**REQUIRED WORK**:
When writing out the entries below, keep only the lines from the line with "higiene matutina, hombre" to the line with "绿色的鲜花商城网站模板psd素材下载_商城网站模板", both included, exactly as they are, and leave the pictures aside.

[DATASET EXCERPTS]

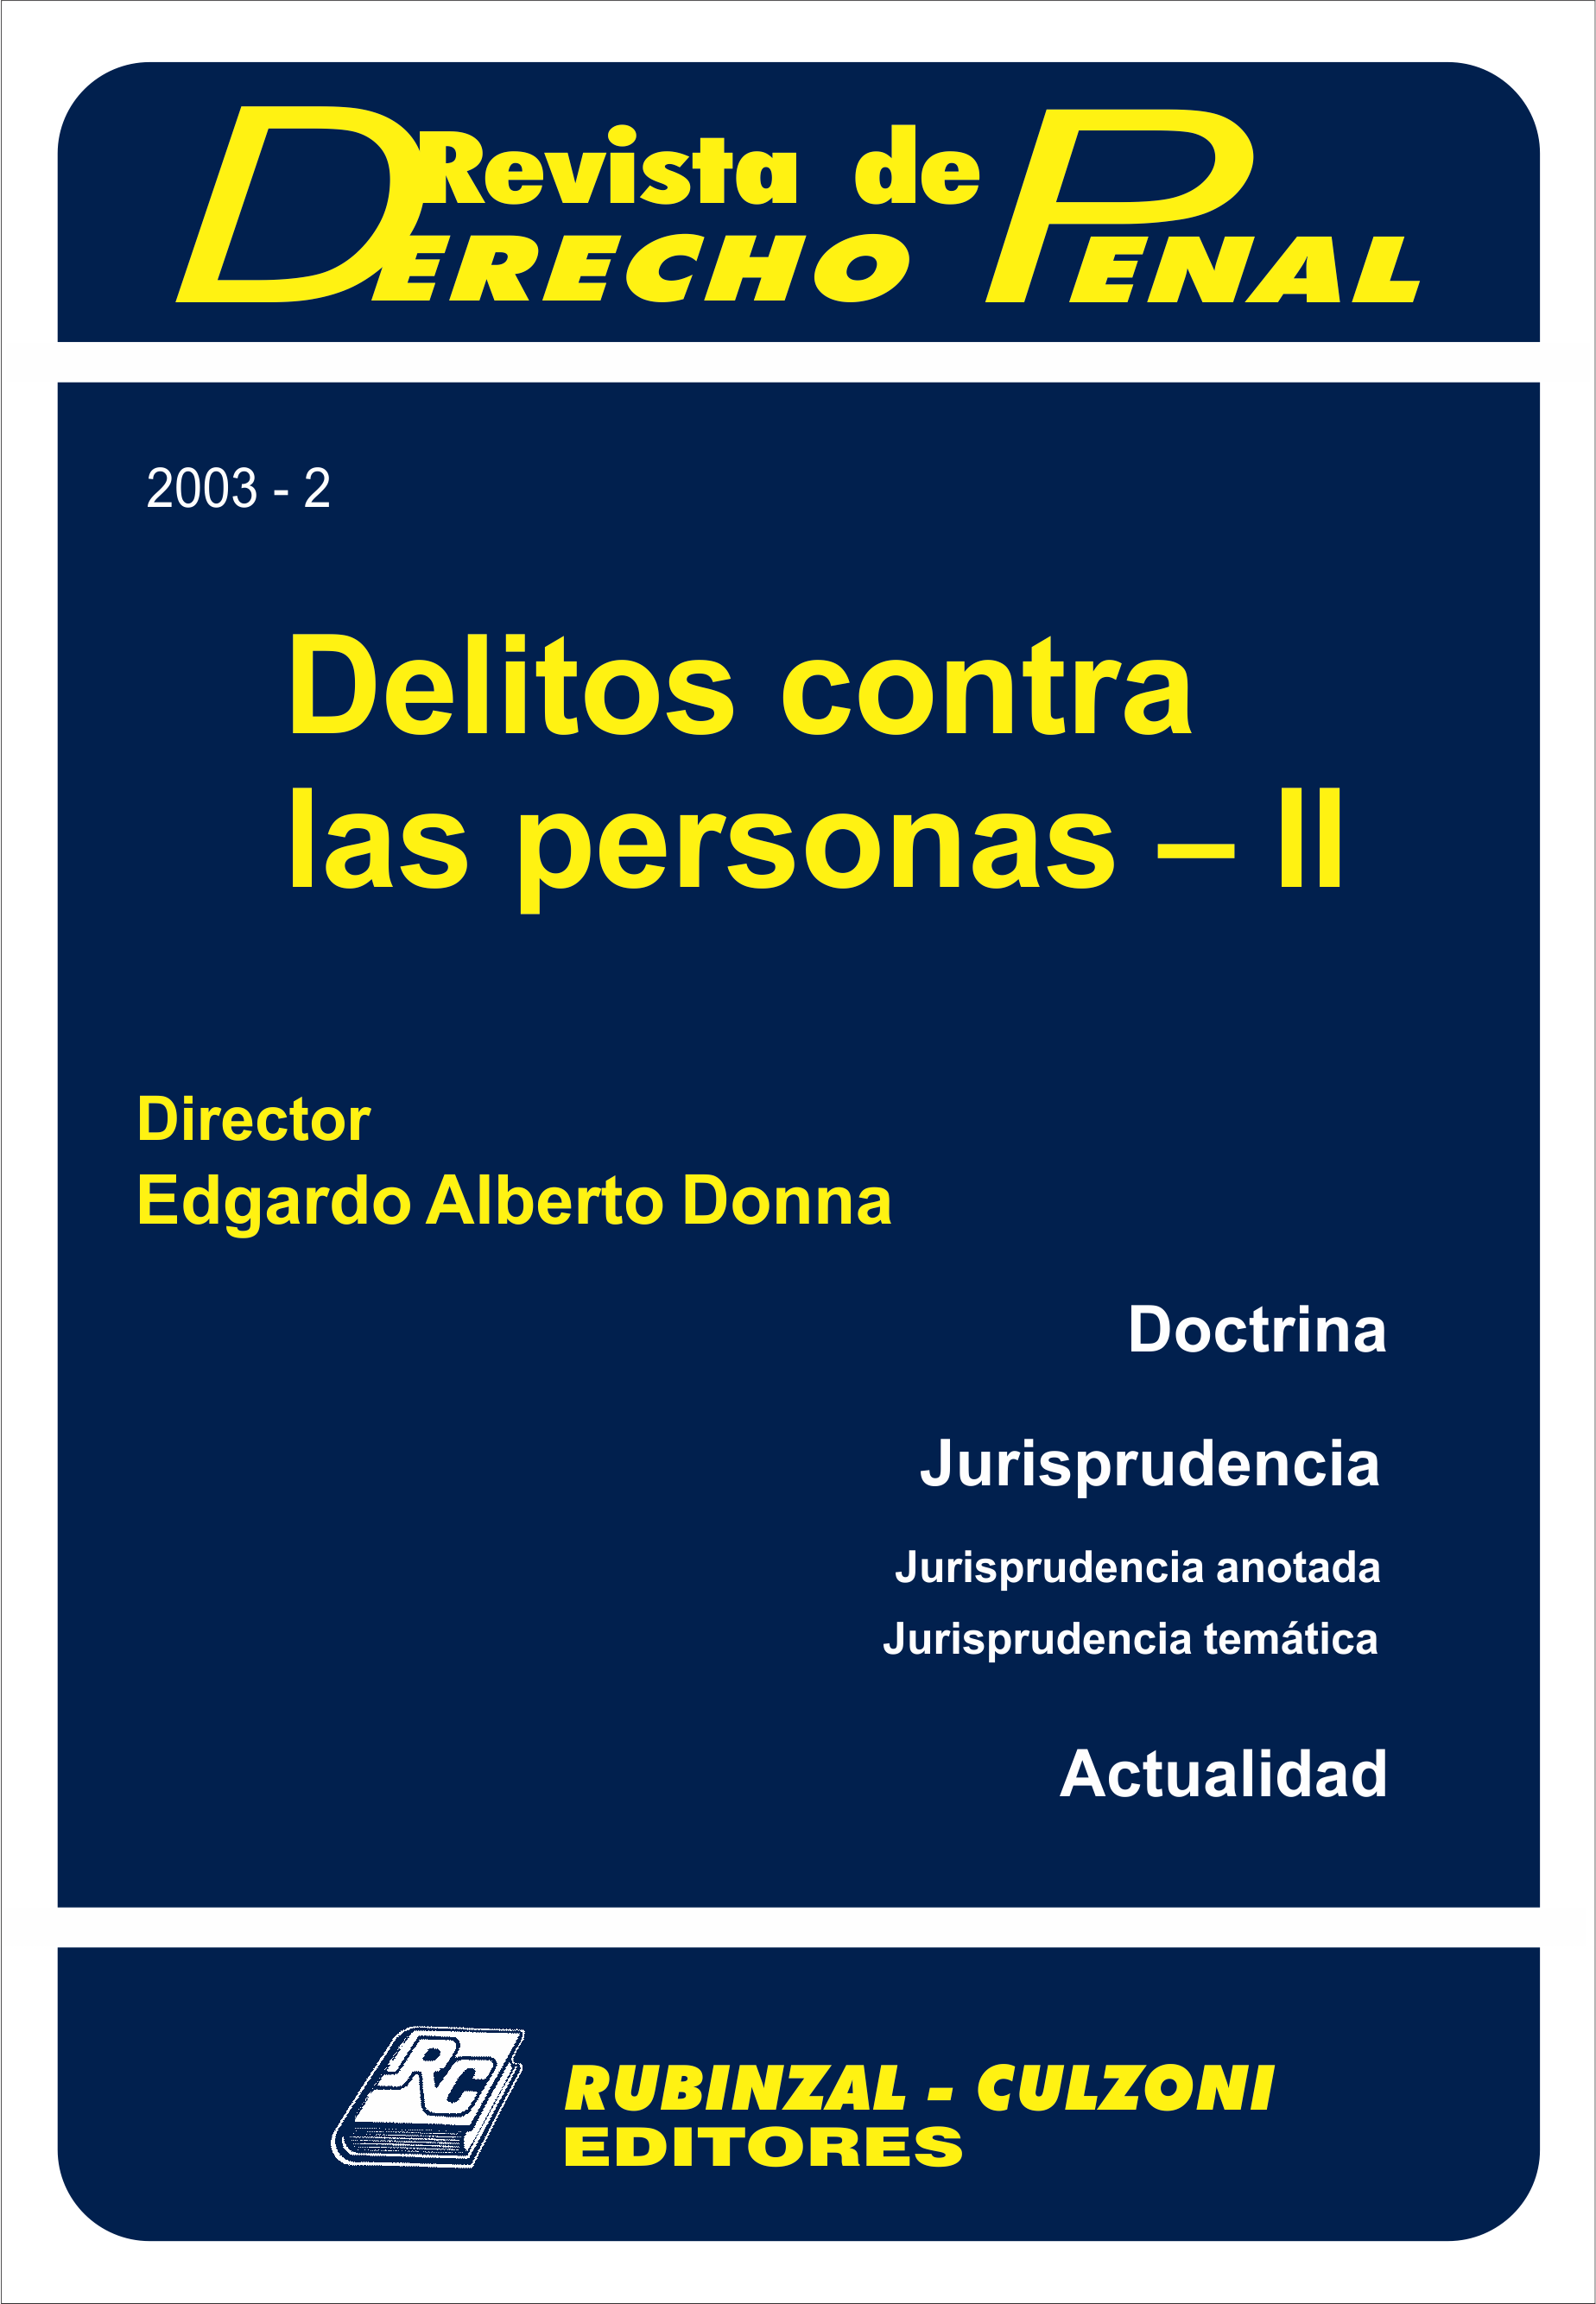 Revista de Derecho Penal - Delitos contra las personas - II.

[/DATASET EXCERPTS]
[DATASET EXCERPTS]

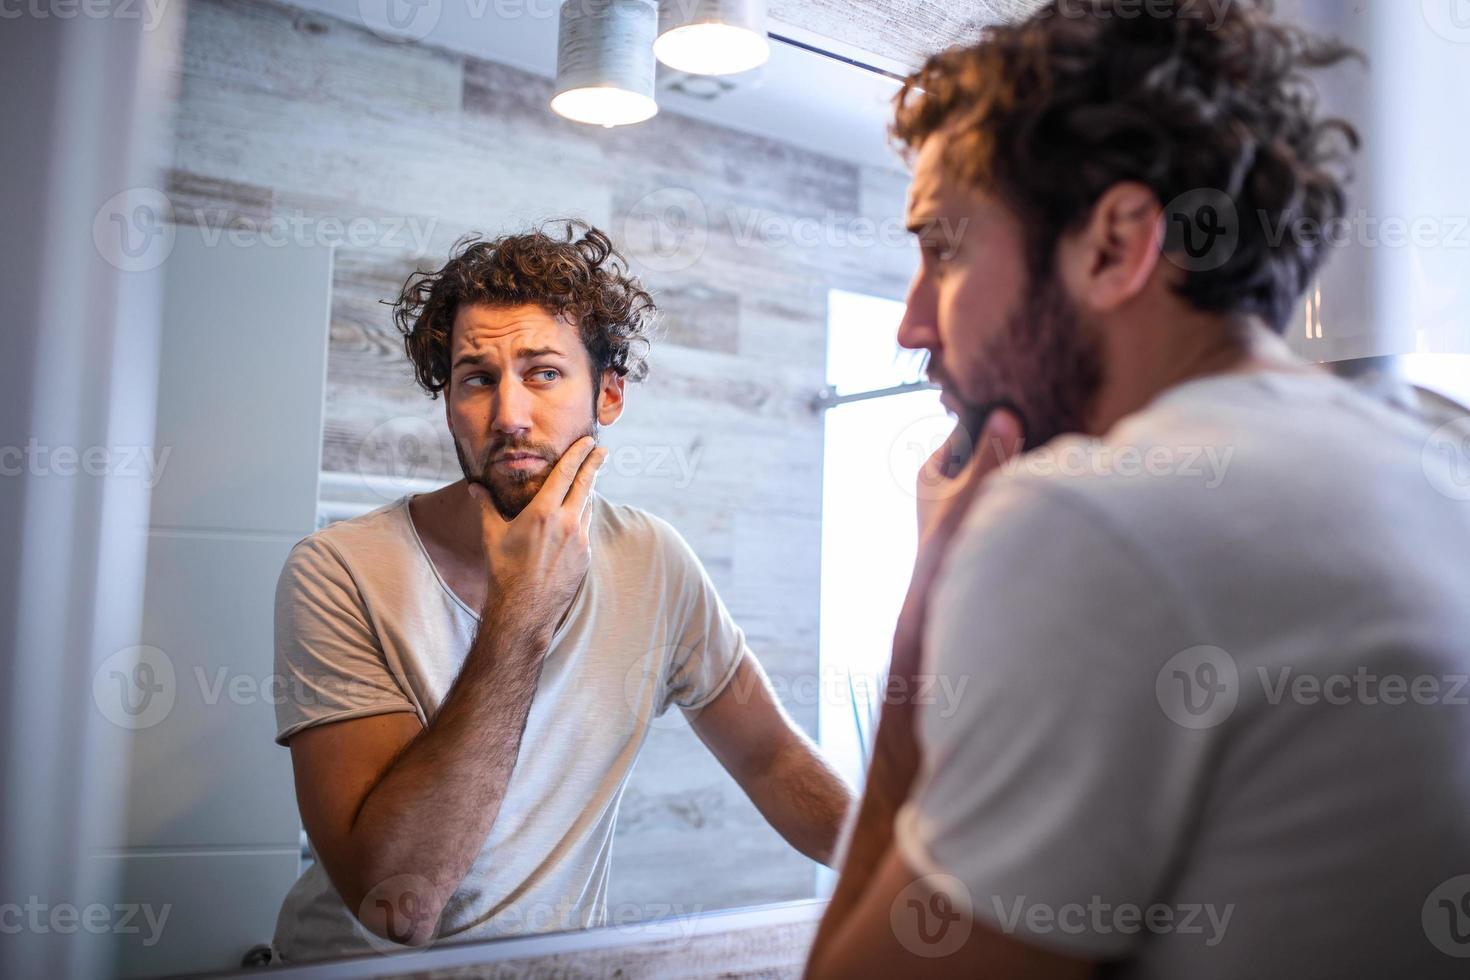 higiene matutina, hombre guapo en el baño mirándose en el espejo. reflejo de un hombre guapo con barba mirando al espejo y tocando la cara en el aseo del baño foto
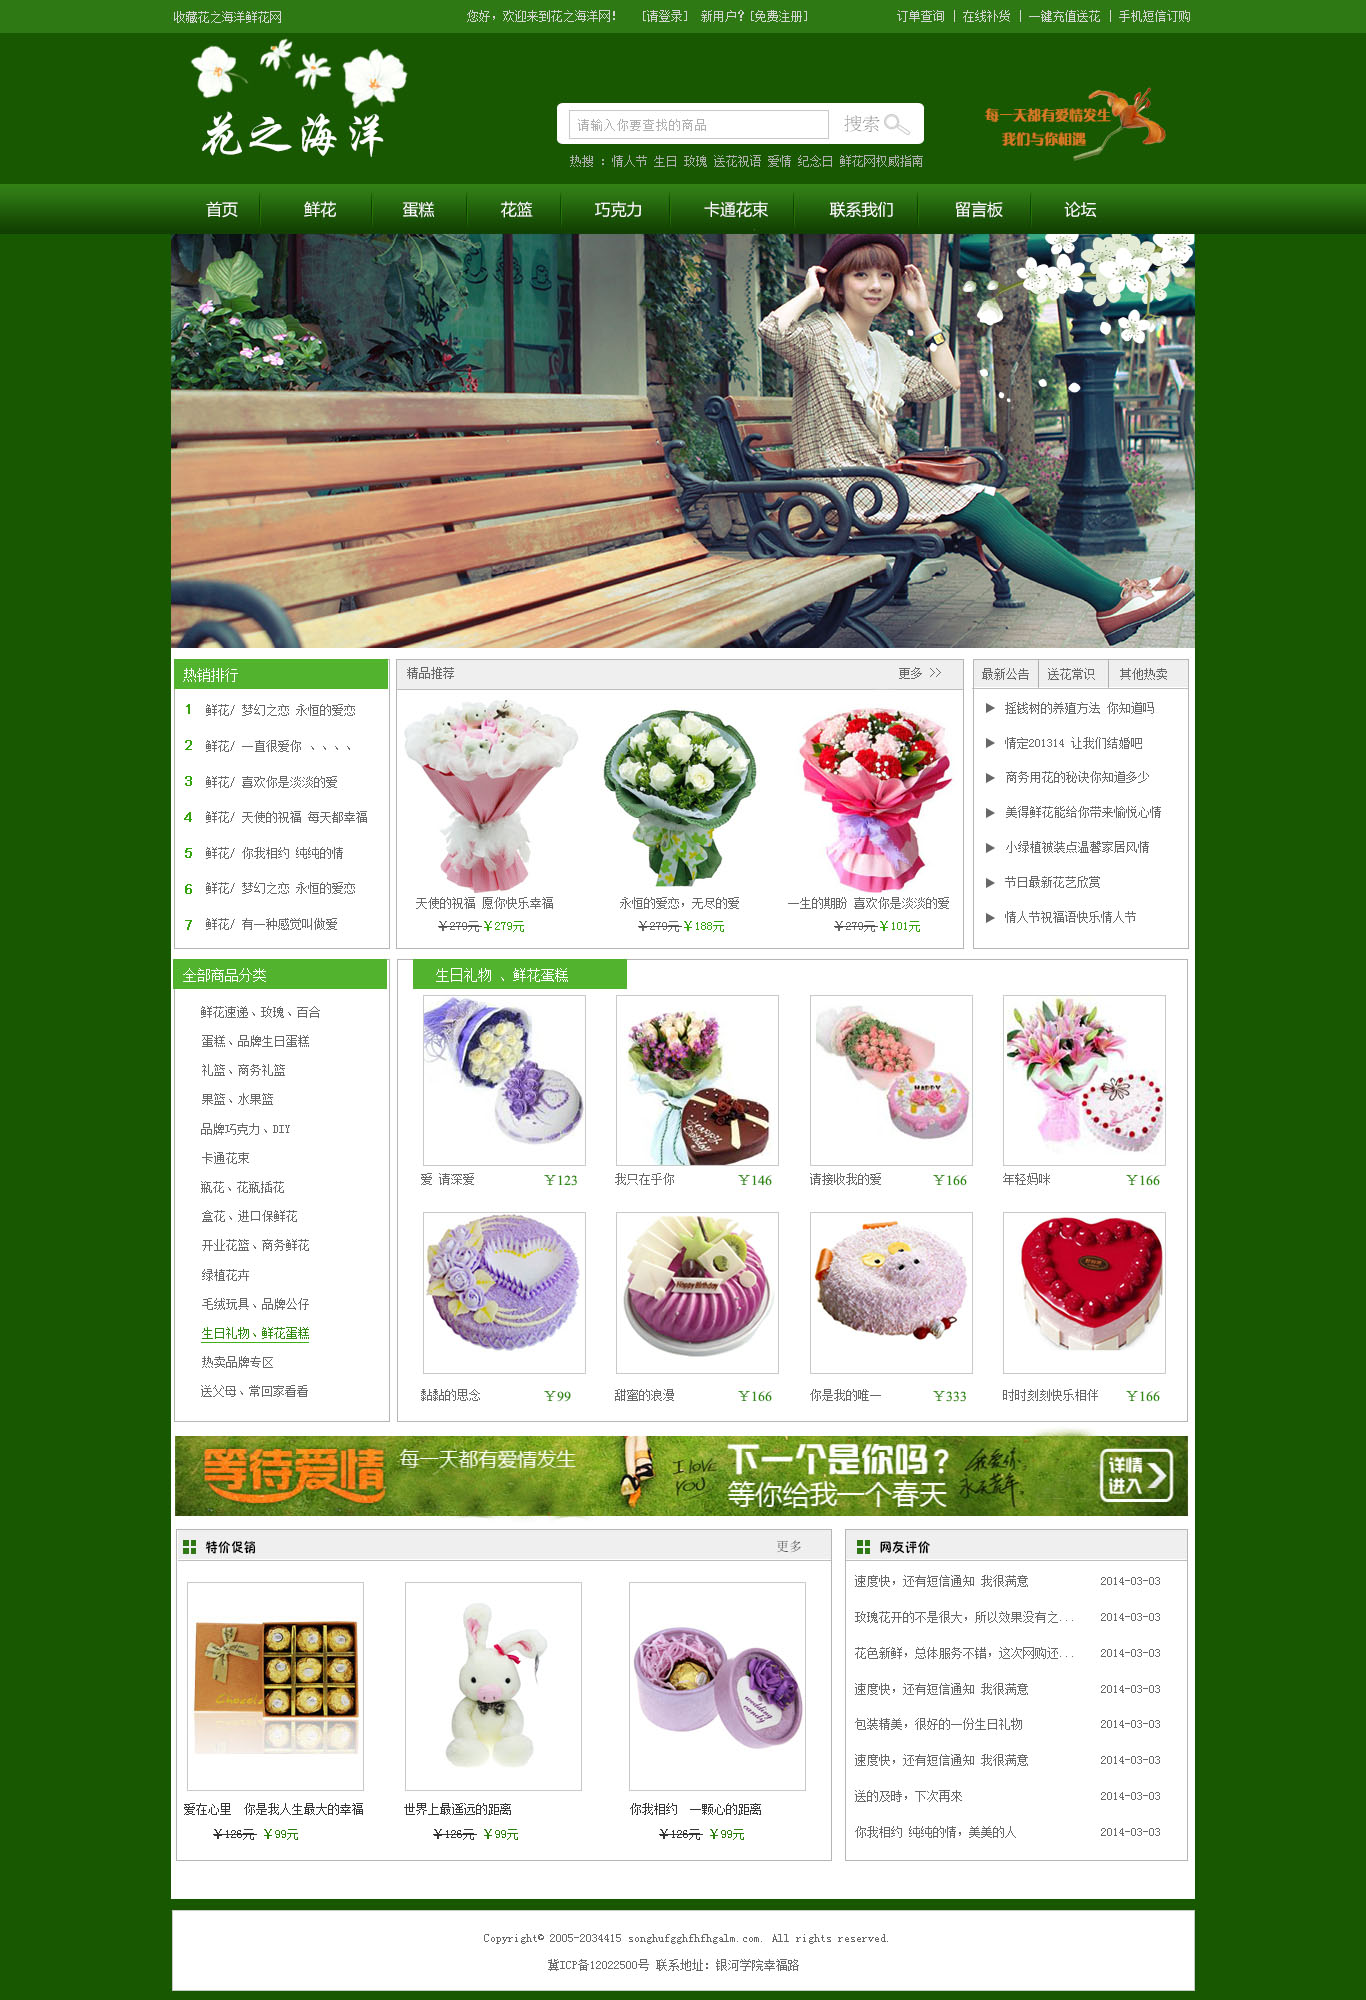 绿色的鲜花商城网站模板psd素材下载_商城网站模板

[/DATASET EXCERPTS]

**ANSWER TO THIS TASK**:
 higiene matutina, hombre guapo en el baño mirándose en el espejo. reflejo de un hombre guapo con barba mirando al espejo y tocando la cara en el aseo del baño foto
 绿色的鲜花商城网站模板psd素材下载_商城网站模板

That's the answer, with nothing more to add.